___ Input records

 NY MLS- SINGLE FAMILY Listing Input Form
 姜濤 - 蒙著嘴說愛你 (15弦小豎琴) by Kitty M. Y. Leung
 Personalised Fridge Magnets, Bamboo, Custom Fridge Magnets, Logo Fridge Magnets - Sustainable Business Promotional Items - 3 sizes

______
___ Input records

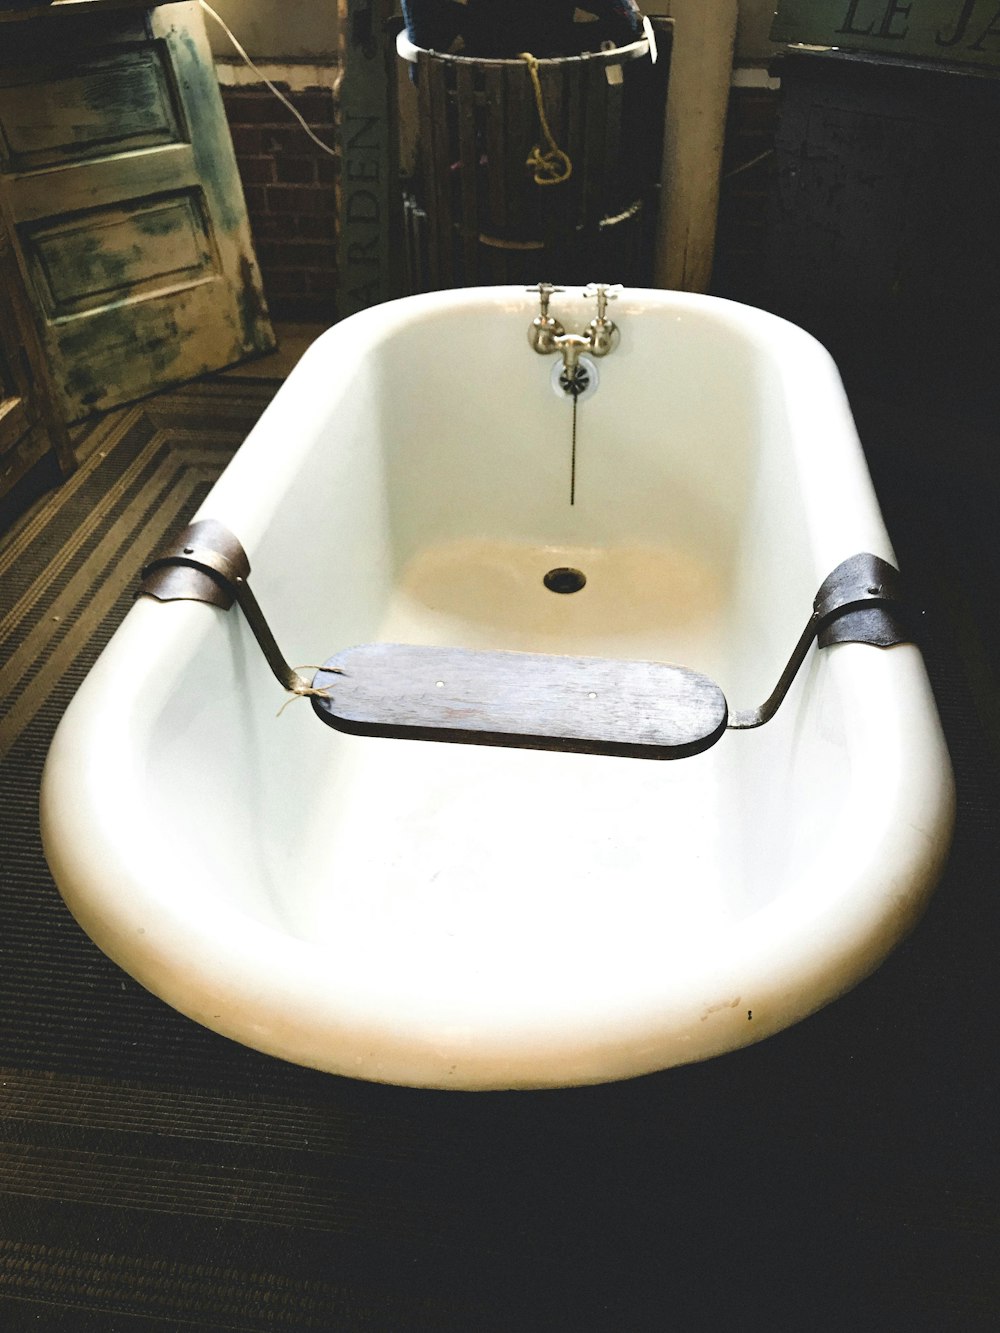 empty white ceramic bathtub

______

▶ **Work instructions**
Look above for the line with "NY MLS- SINGLE FAMILY Listing Input Form" and the line with "Personalised Fridge Magnets, Bamboo, Custom"; transcribe both and all lines in between, exactly, and nothing else.

▶ **Output for this exercise**
 NY MLS- SINGLE FAMILY Listing Input Form
 姜濤 - 蒙著嘴說愛你 (15弦小豎琴) by Kitty M. Y. Leung
 Personalised Fridge Magnets, Bamboo, Custom Fridge Magnets, Logo Fridge Magnets - Sustainable Business Promotional Items - 3 sizes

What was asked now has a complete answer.